In medieval times the counties of Lüchow and Dannenberg occupied the area (from the early 12th century on). These counties were originally Slavic states that lost their independence to the Duchy of Brunswick-Lüneburg in the beginning of the 14th century.

The area was ruled by Lüneburg until 1705 and became then a part of the Electorate of Hanover. When the Kingdom of Hanover was annexed by Prussia (1866), the districts of Lüchow and Dannenberg were established within the new Province of Hanover.

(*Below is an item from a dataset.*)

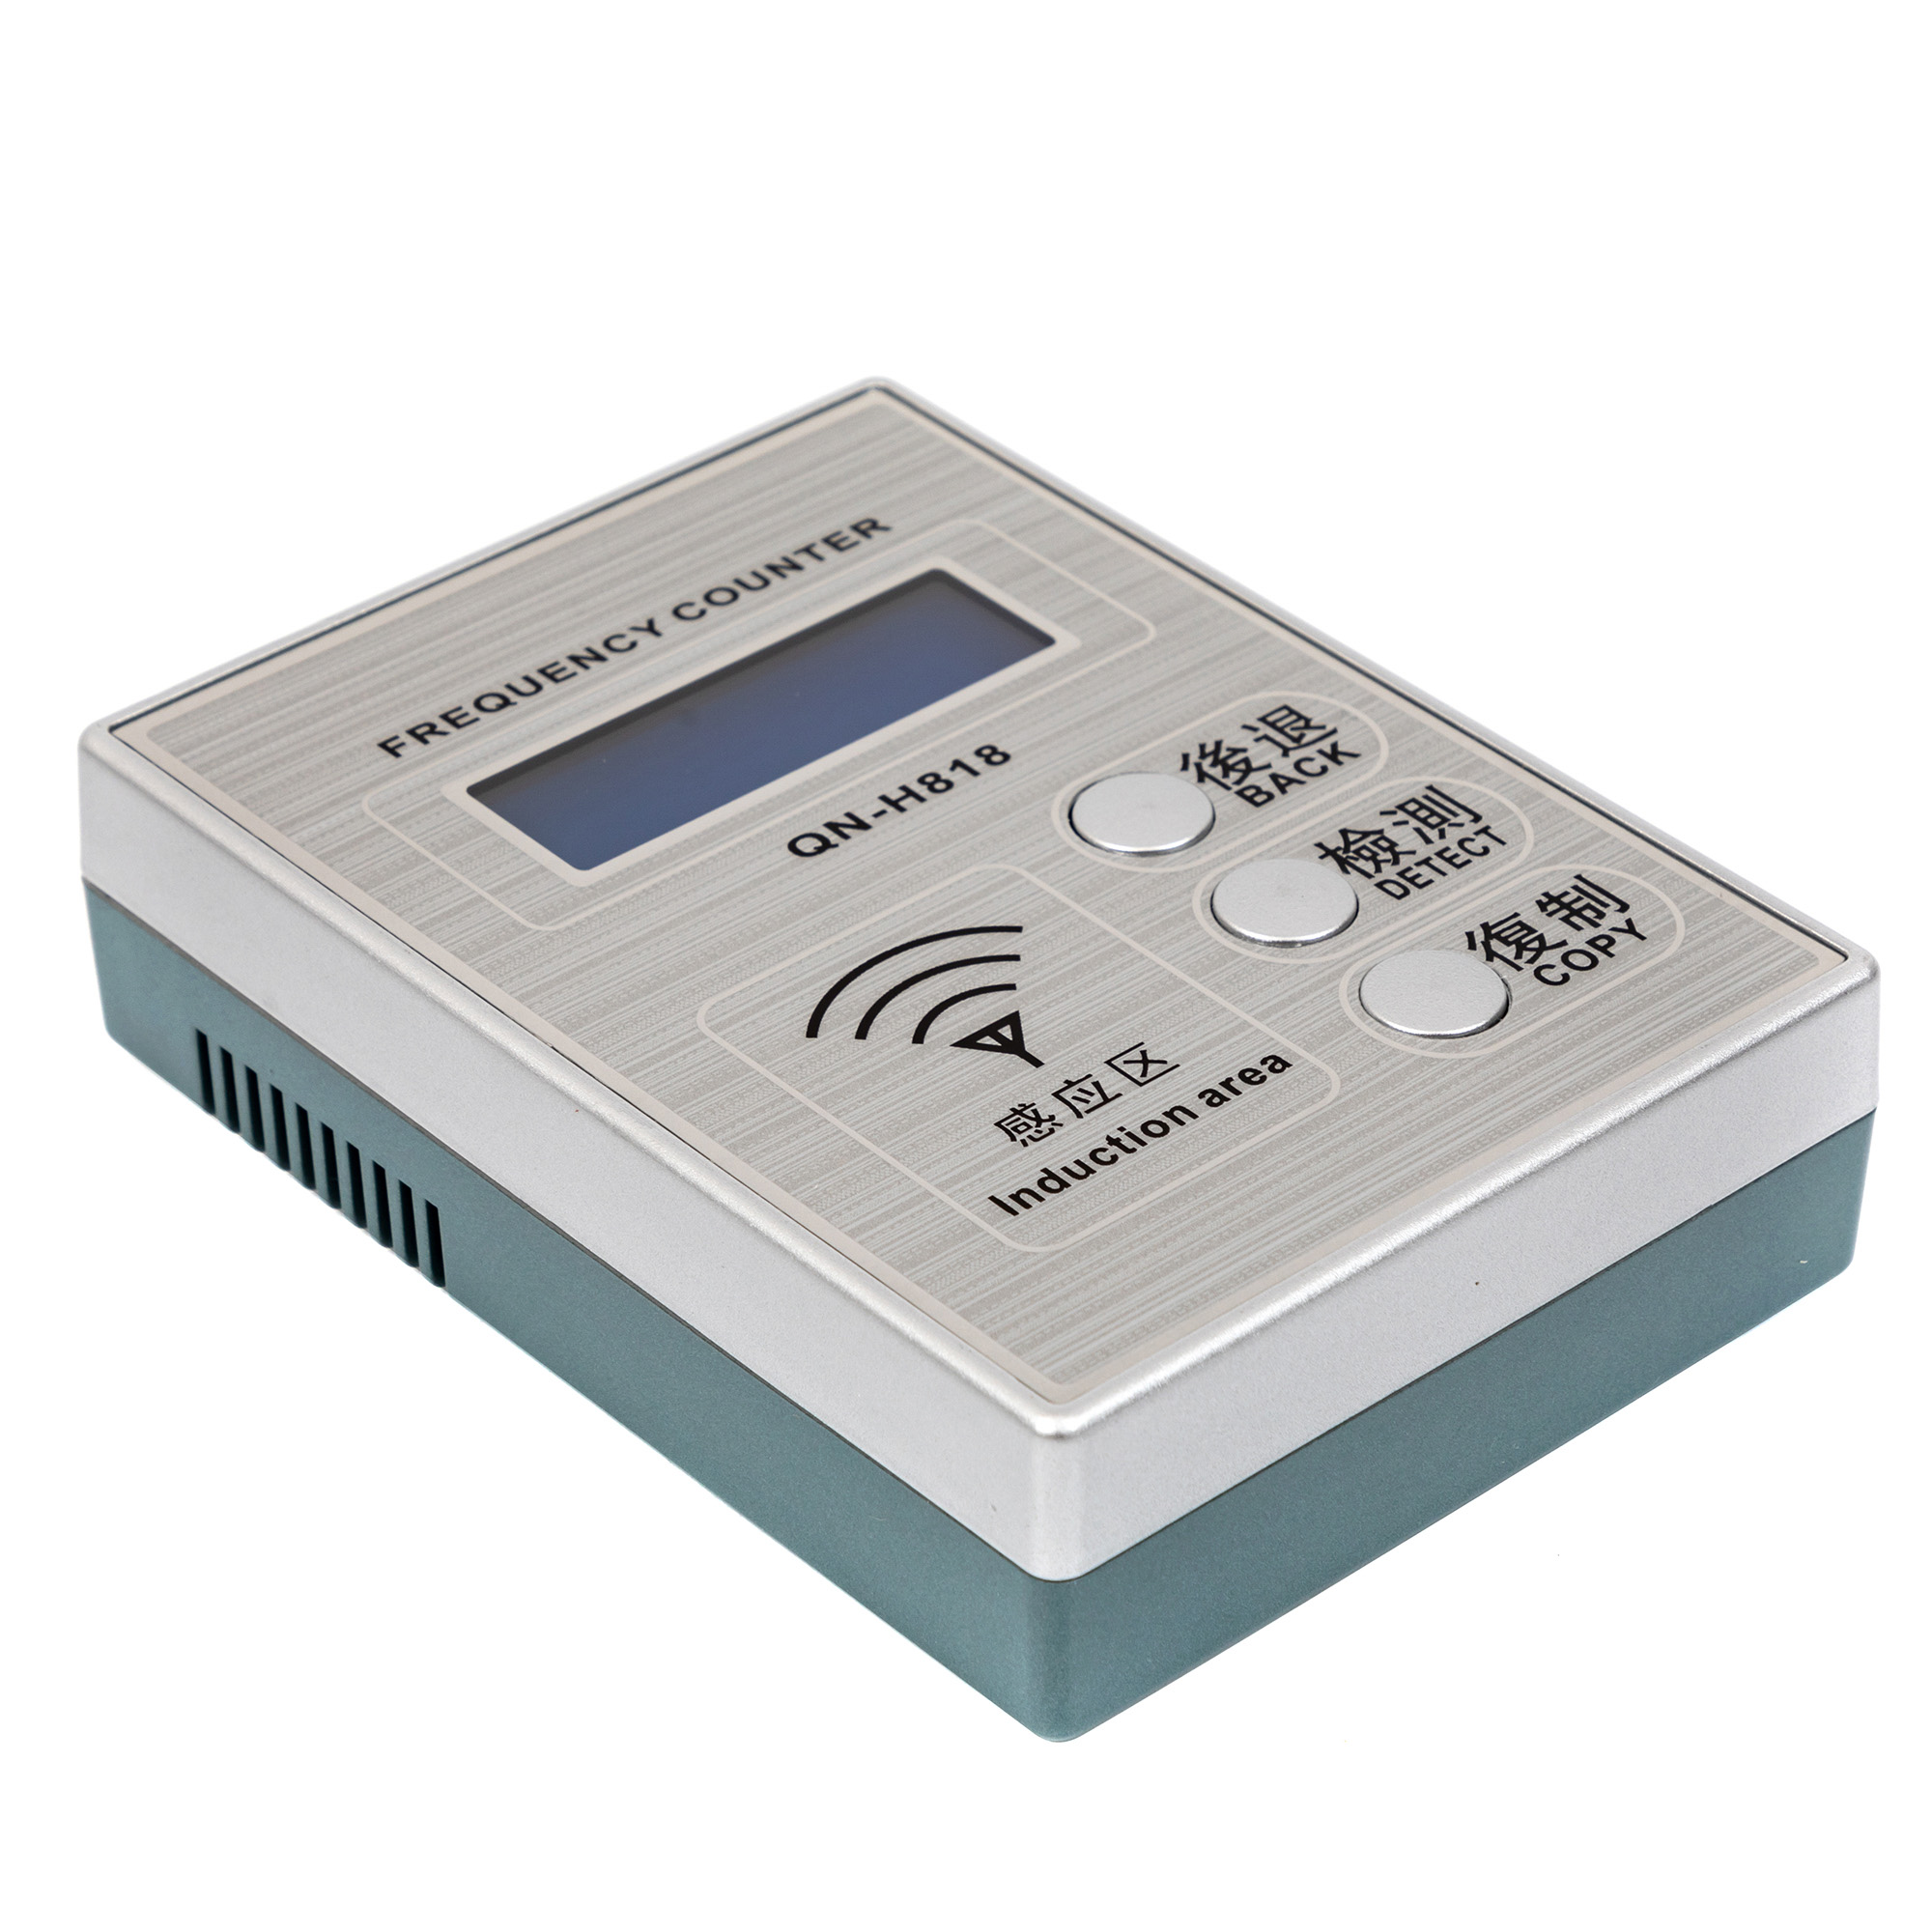 QN-H818 RF Control remoto Medidor de frecuencia inalámbrico Contador 200MHZ-1Ghz Detector Cimómetro

In 1932 the two districts of Lüchow and Dannenberg were merged into the current district with Dannenberg as capital. In 1951 the seat of the administration was moved to Lüchow.

Current issues

Since the end of the 1990s the financial problems of the municipalities in the district grew more and more severe. To save money spent for administration a major municipal reform is currently discussed. The two most likely outcomes of the reform will be either a conversion of the district to an urban district, in which the 27 municipalities will then become boroughs of one town. The other discussed solution is the merger into two Samtgemeinden. The dissolution of the district and inclusion of the two remaining Samtgemeinden into the districts of Lüneburg and Uelzen are also discussed.

Geography

The district is named for the two main towns. It is better known as the Wendland, a designation referring to the Slavic people of the Wends from Obotrite tribe Drevani, who lived there till the 18th century — the last known user of the local dialect of Polabian language died in 1752. The landscape is characterised by riverside woodlands along the Elbe river and a hilly countryside.